Characterisation of red-giant stars in the public Kepler data
S. Hekker, R.L. Gilliland, Y. Elsworth, W.J. Chaplin, J. De Ridder, D., Stello, T. Kallinger, K.A. Ibrahim, T.C. Klaus, J. Li

TL;DR
This paper analyzes Kepler's public data to characterize red-giant stars using solar-like oscillations, revealing different stellar populations and estimating their fundamental properties.
Contribution
It provides the first large-scale asteroseismic analysis of red giants in Kepler data, identifying stellar populations and estimating their fundamental parameters.
Findings
70% of red giants show detectable oscillations
Identified different red-giant populations
Estimated stellar properties from oscillations
Abstract
The first public release of long-cadence stellar photometric data collected by the NASA Kepler mission has now been made available.

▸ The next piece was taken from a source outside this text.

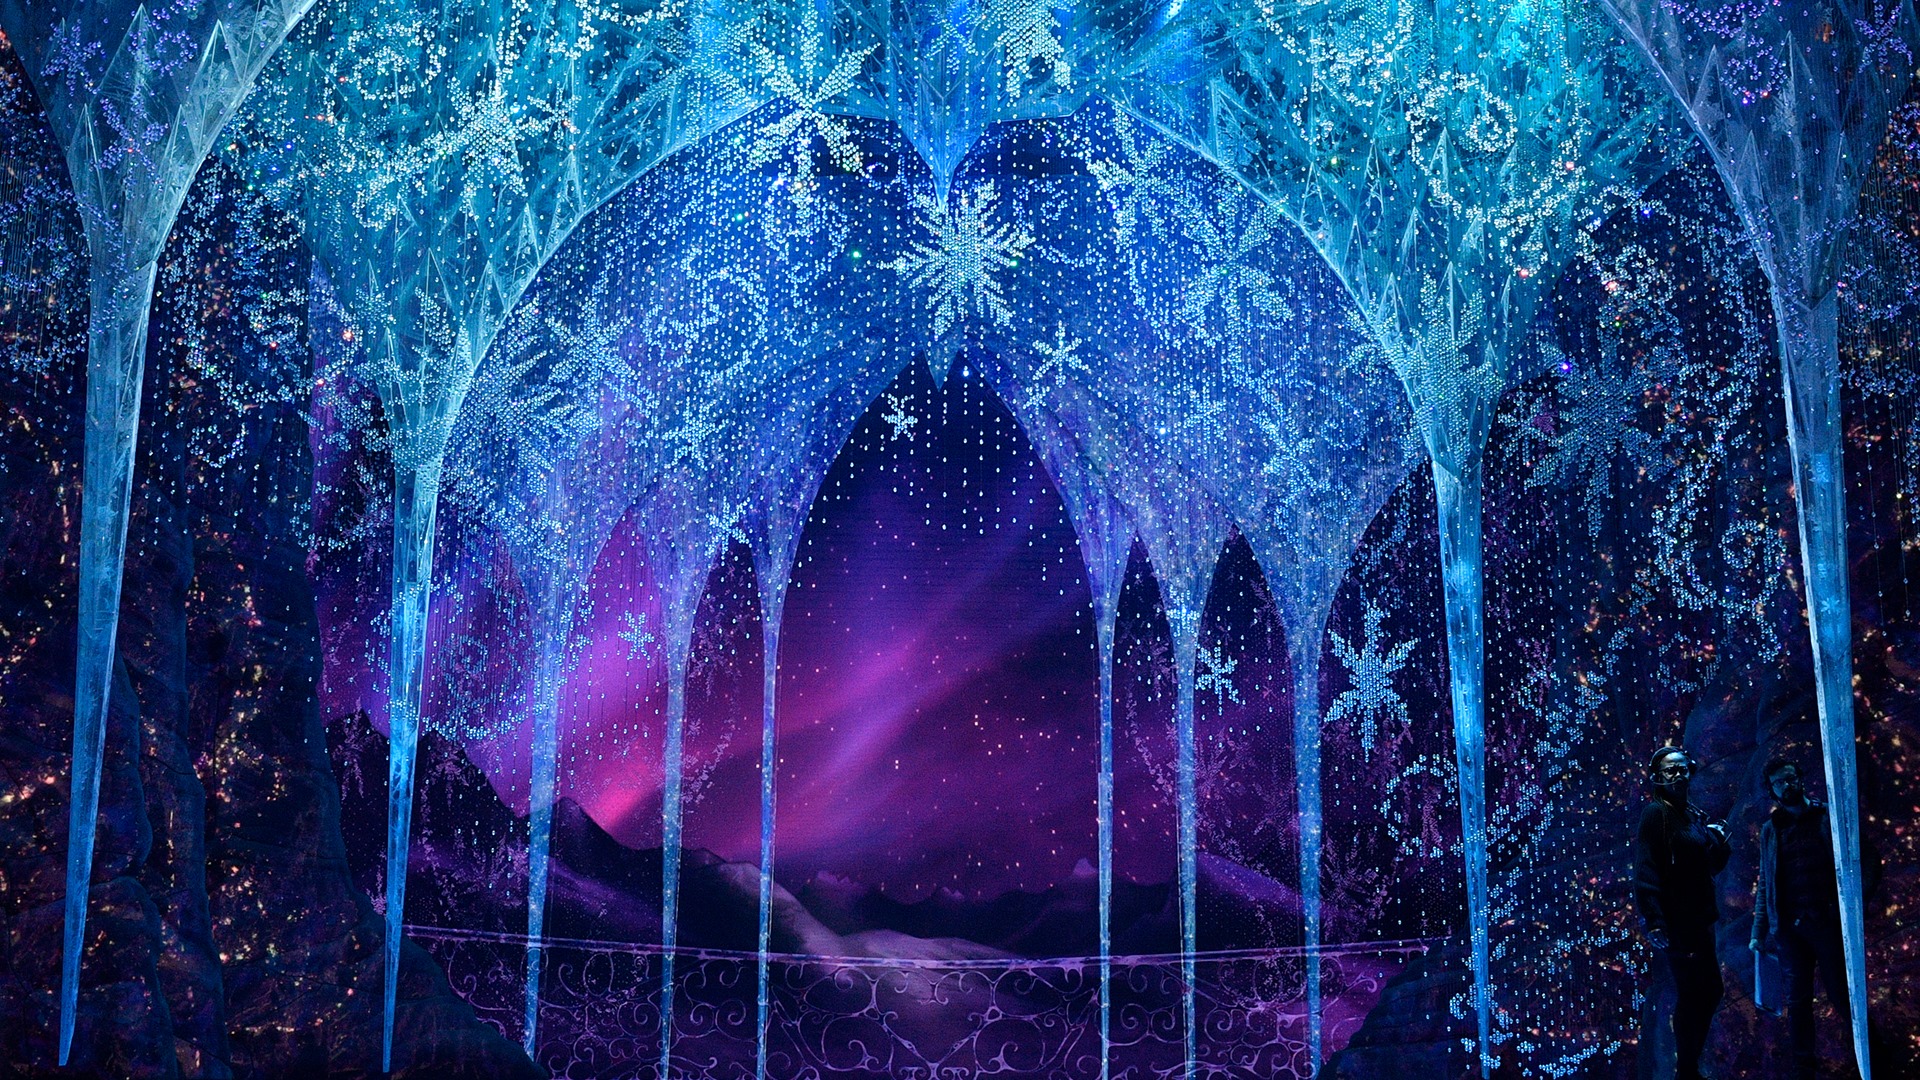 Frozen - The Musical
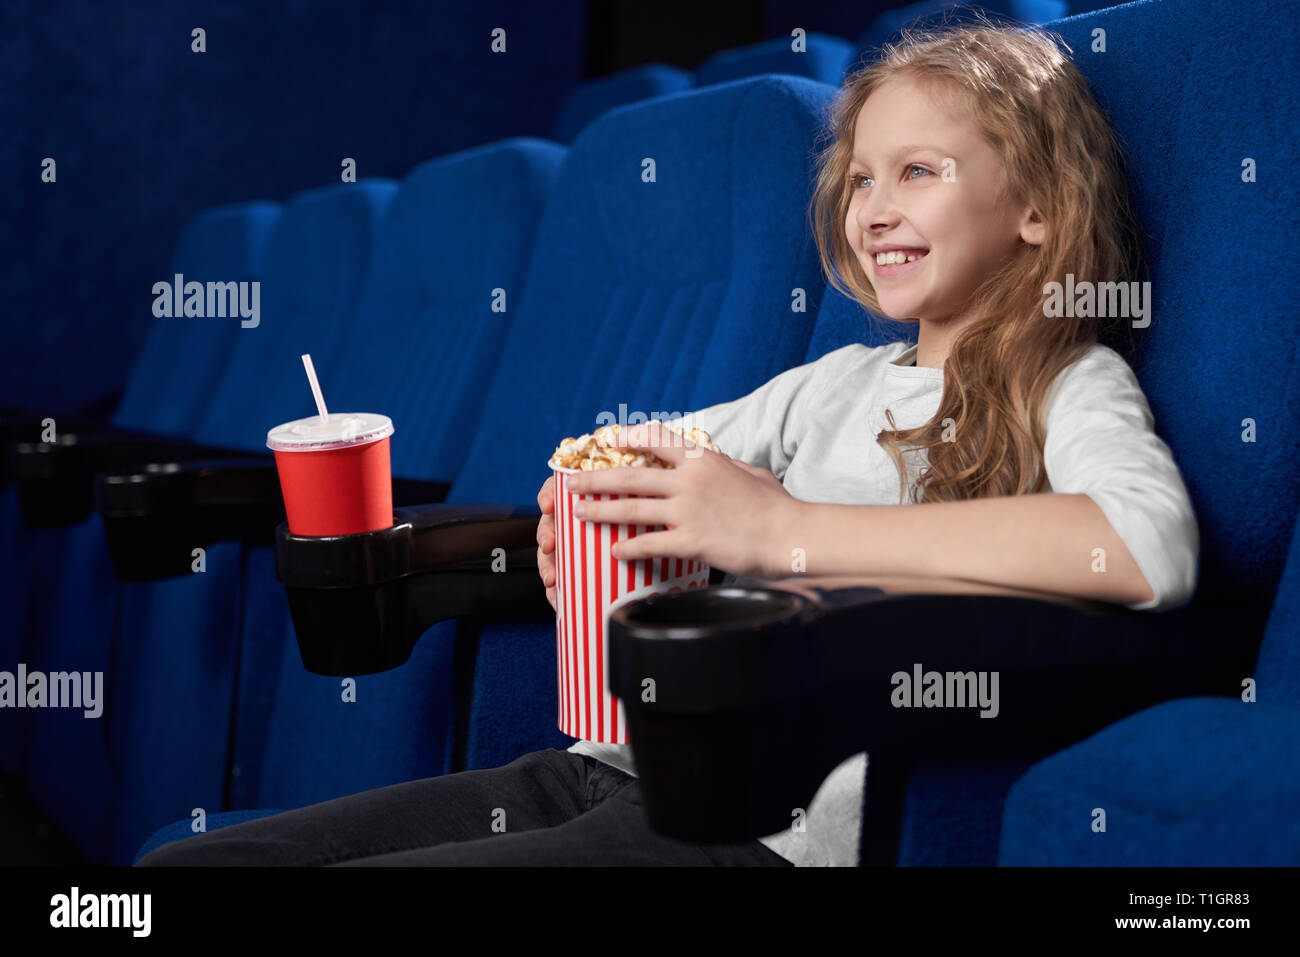 Fröhlicher, lustiger Mädchen, dass Schaufel mit Popcorn, Film oder ein Cartoon in Kino. Schöne blonde Mädchen lächelnd, genießen Film. Stockfoto

In this paper we characterise the red-giant (G-K) stars in this large sample in terms of their solar-like oscillations. We use published methods and well-known scaling relations in the analysis. Just over 70% of the red giants in the sample show detectable solar-like oscillations, and from these oscillations we are able to estimate the fundamental properties of the stars. This asteroseismic analysis reveals different populations: low-luminosity H-shell burning red-giant branch stars, cool high-luminosity red giants on the red-giant branch and He-core burning clump and secondary-clump giants.